Unlike the gun control laws passed after the Civil War, these antebellum
statutes were for blacks alone. In Maryland, these prohibitions went so
far as to prohibit free blacks from owning dogs without a license, and
authorizing any white to kill an unlicensed dog owned by a free black,
for fear that blacks would use dogs as weapons. Mississippi went
further, and prohibited any ownership of a dog by a black person.
[5]
Understandably, restrictions on slave possession of arms go back a
very long way.
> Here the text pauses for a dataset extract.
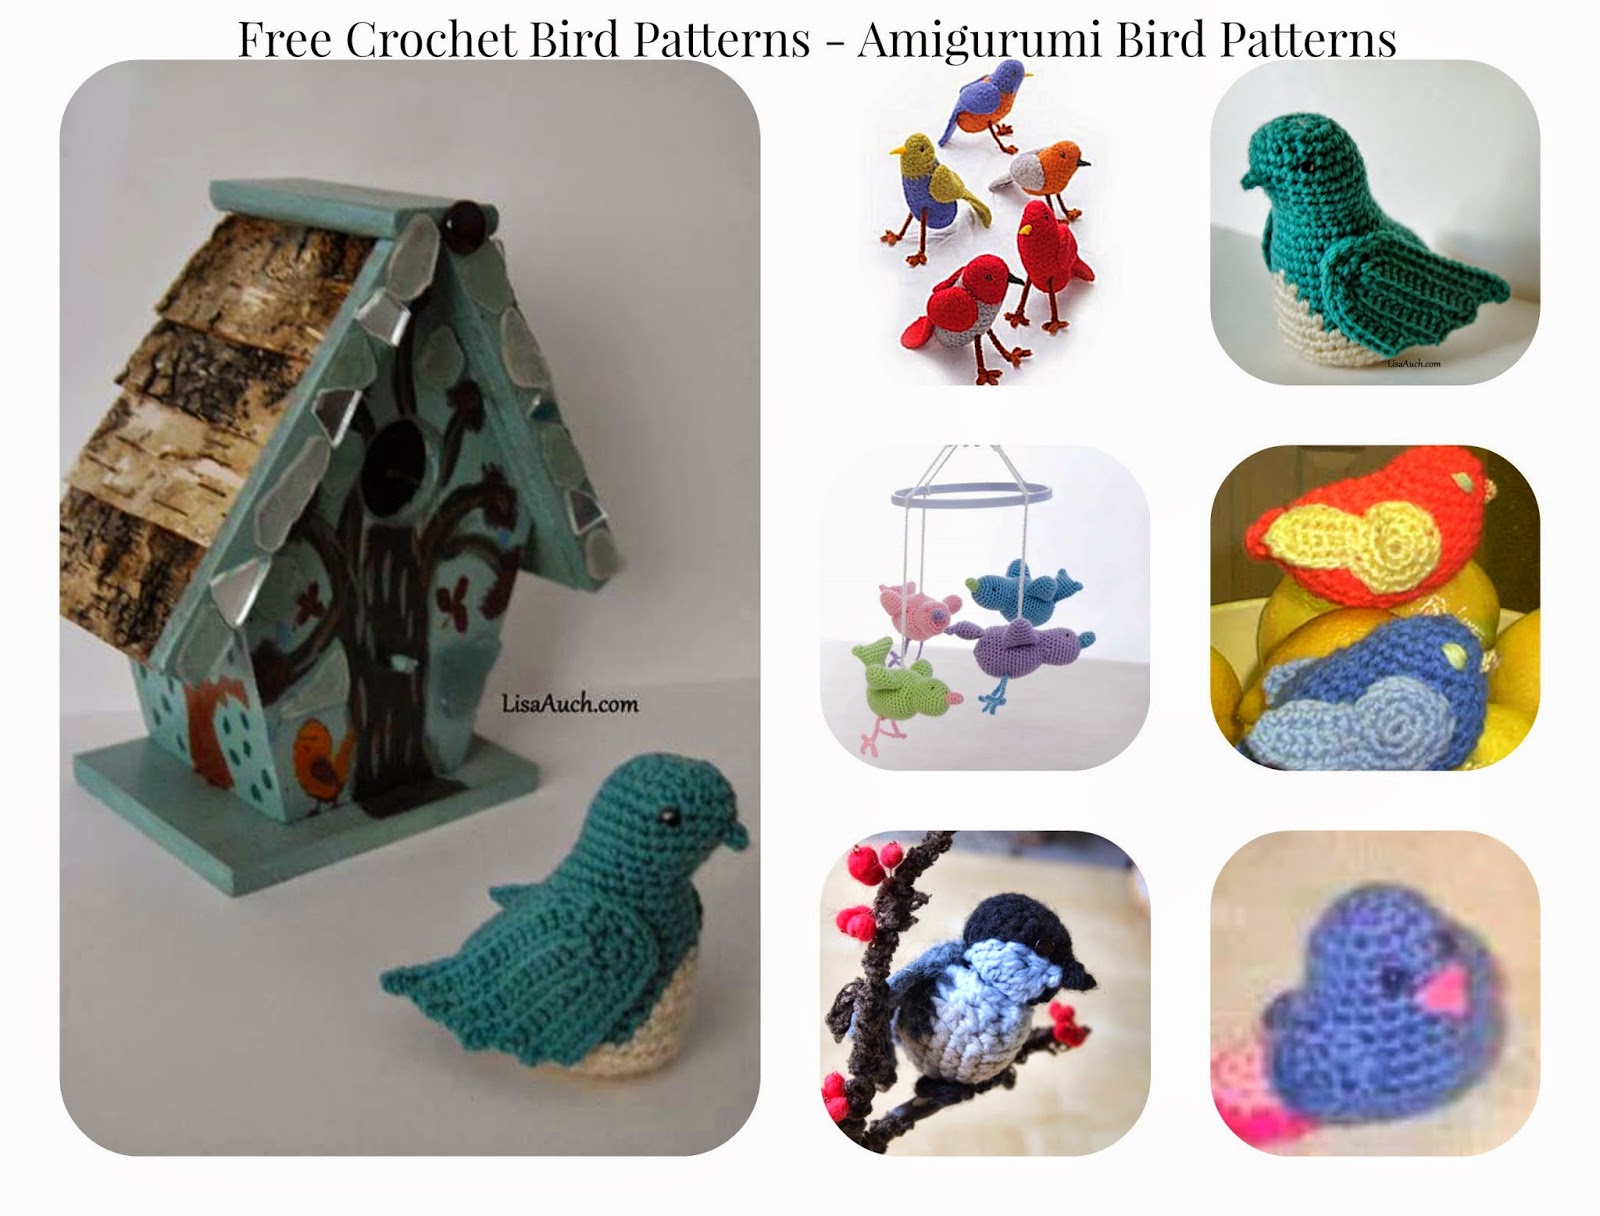 FREE Crochet Bird Patterns

While arms restrictions on free blacks predate it,
these restrictions increased dramatically after Nat Turner's Rebellion
in 1831, a revolt that caused the South to become increasingly
irrational in its fears. [6] Virginia's
response to Turner's Rebellion prohibited free blacks "to keep or carry
any firelock of any kind, any military weapon, or any powder or lead..."
The existing laws under which free blacks were occasionally licensed to
possess or carry arms was also repealed, making arms possession
completely illegal for free blacks. [7] But
even before this action by the Virginia Legislature, in the aftermath of
Turner's Rebellion, the discovery that a free black family possessed
lead shot for use as scale weights, without powder or weapon in which to
fire it, was considered sufficient reason for a frenzied mob to discuss
summary execution of the owner. [8] The
analogy to the current hysteria where mere possession of ammunition in
some states without a firearms license may lead to jail time, should be
obvious.
One example of the increasing fear of armed blacks is the 1834 change
to the Tennessee Constitution, where Article XI, 26 of the 1796
Tennessee Constitution was revised from: "That the freemen of this State
have a right to keep and to bear arms for their common defence,"
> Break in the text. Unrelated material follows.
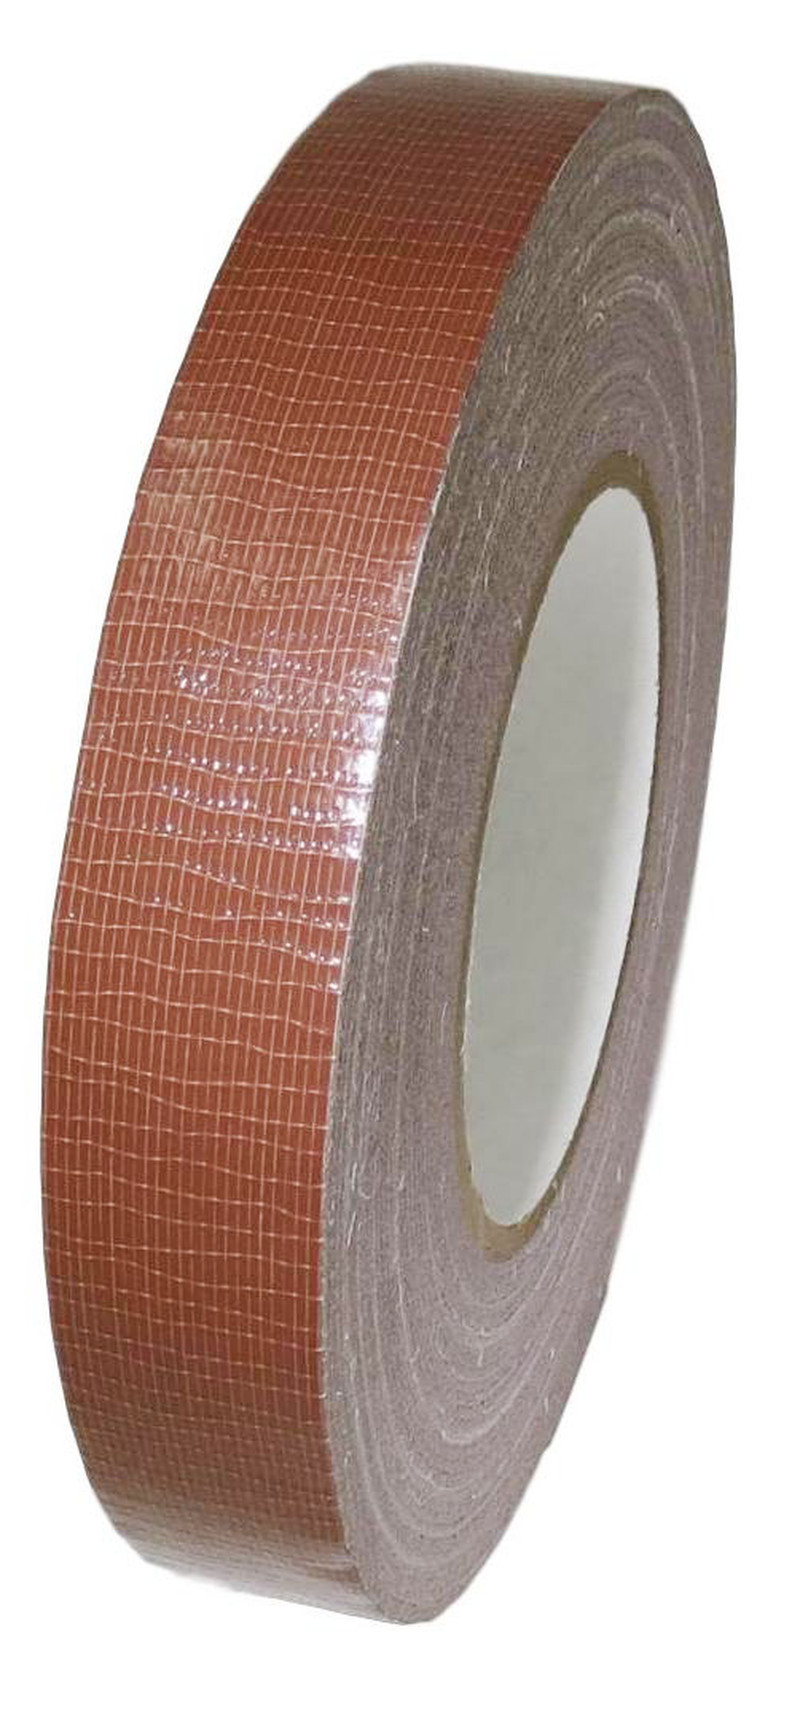 Industrial Duct Tape T.R.U Waterproof UV Resistant Ochre 1/2 in X 60 Yd.

[9] to: "That the free white men of
this State have a right to keep and to bear arms for their common
defence." [10] [emphasis added] It is not
clear what motivated this change, other than Turner's bloody
insurrection. The year before, the Tennessee Supreme Court had
recognized the right to bear arms as an individual guarantee, but there
is nothing in that decision that touches on the subject of race.
[11]
Other decisions during the antebellum period were unambiguous about
the importance of race. In State v. Huntly (1843), the North Carolina
Supreme Court had recognized that there was a right to carry arms
guaranteed under the North Carolina Constitution, as long as such arms
were carried in a manner not likely to frighten people.
[12] The following year, the North Carolina
Supreme Court made one of those decisions whose full significance would
not appear until after the Civil War and passage of the Fourteenth
Amendment. An 1840 statute provided:
That if any free negro, mulatto, or free person of color, shall wear
or carry about his or her person, or keep in his or her house, any
shot gun, musket, rifle, pistol, sword, dagger or bowie-knife,
unless he or she shall have obtained a licence therefor from the
Court of Pleas and Quarter Sessions of his or her county, within one
year preceding the wearing, keeping or carrying therefor, he or she
shall be guilty of a misdemeanor, and may be indicted therefor.
[13]
Elijah Newsom, "a free person of color," was indicted in Cumberland
County in June of 1843 for carrying a shotgun without a license -- at
the very time the North Carolina Supreme Court was deciding Huntly.
Newsom was convicted by a jury; but the trial judge directed a not
guilty verdict, and the state appealed to the North Carolina Supreme
Court. Newsom's attorney argued that the statute requiring free blacks
to obtain a license to "keep and bear arms" was in violation of both the
Second Amendment to the U. S. Constitution, and the North Carolina
Constitution's similar guarantee of a right to keep and bear arms.
[14] The North Carolina Supreme Court
refused to accept that the Second Amendment was a limitation on state
laws, but had to deal with the problem of the state constitutional
guarantees, which had been used in the Huntly decision, the year before.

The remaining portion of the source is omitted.